Looking to the second quarter of fiscal 2016, ended September 30, analysts are expecting similar figures to Q1.  Maxim is forecasting $3.602 million in revenue and a net loss of 8 cents per share.  Stonegate expects $3.767 million and a net loss of 14 cents per share.  Dividing the annual expectations of Dawson James puts Q2 revenue at $3.8 million and a net loss of 8 cents per share.  Yahoo Finance has the consensus at $3.69 million and a net loss of 11 cents per share.

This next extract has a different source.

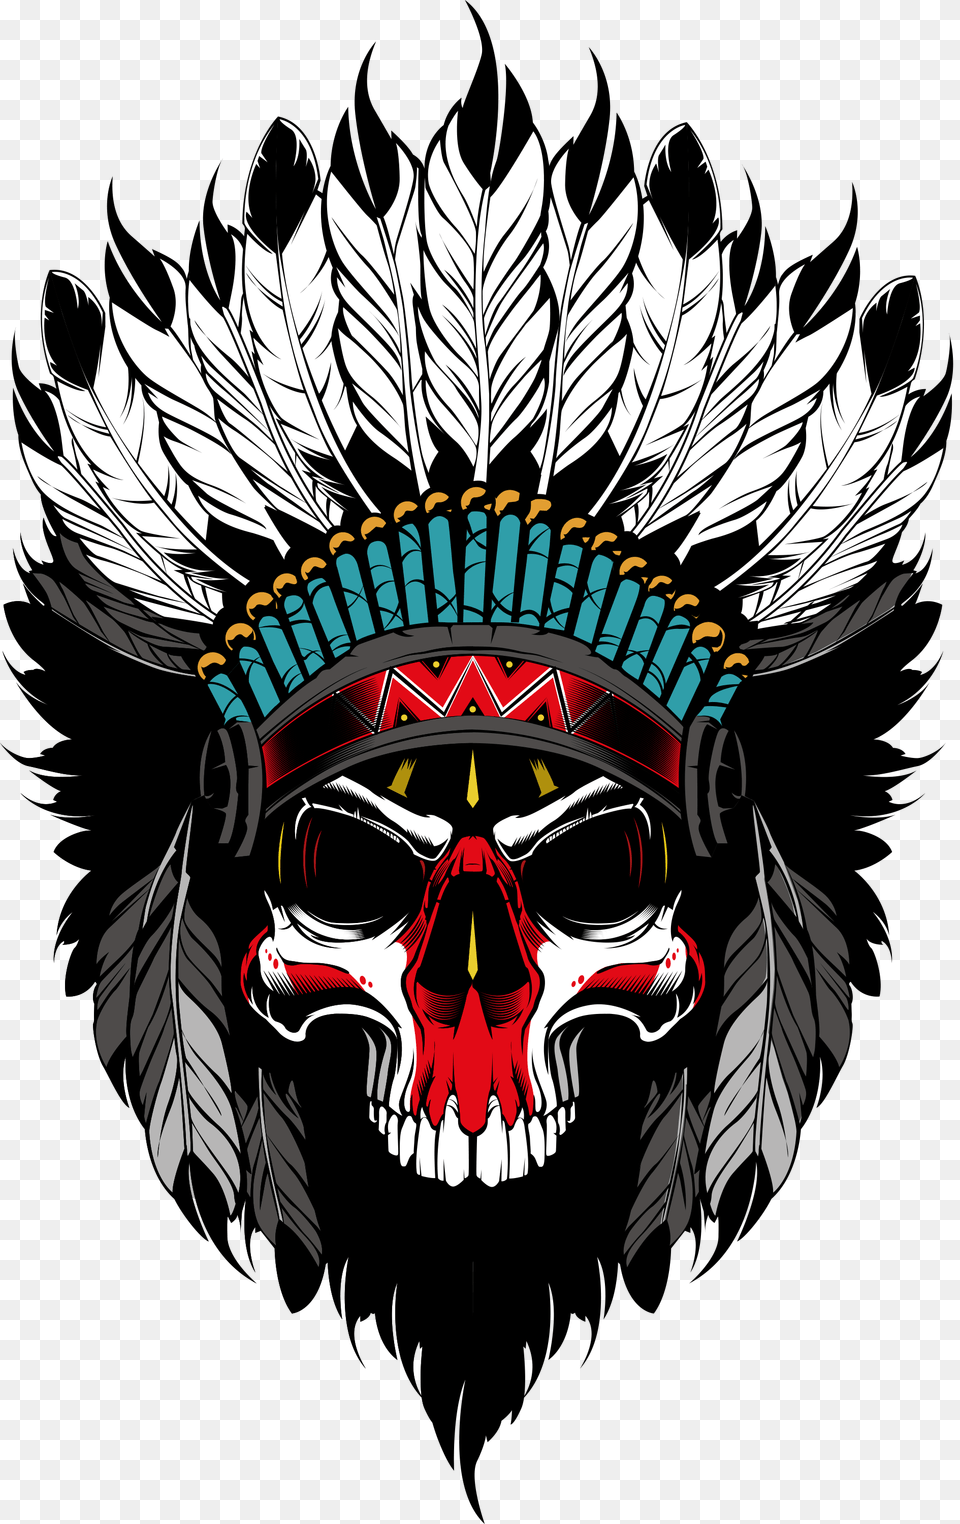 Indians Skull Fabric Pattern Skull Art Skull, Emblem, Symbol, Person, Face Png

In the same quarter of fiscal 2015, Oculus reported total revenue of $3.264 million and a net loss of 8 cents per share.  Therefore, analysts are expecting little quarter-over-quarter growth and 13 percent year-over-year revenue growth.  It is possible that Oculus will exceed the consensus revenue due to the expected continuing sales ramp of the dermatology business, as shown in the company’s posted investor presentation.

Oculus remains an underappreciated value play with valuation measures that trail industry peers in nearly every metric, including a market capitalization and enterprise value of about $20.7 million and approximately $11.3 million, respectively. If the company continues to show consistent growth quarter-over-quarter as well as in consecutive quarters, both the appreciation for and the value of the stock could be on the upswing.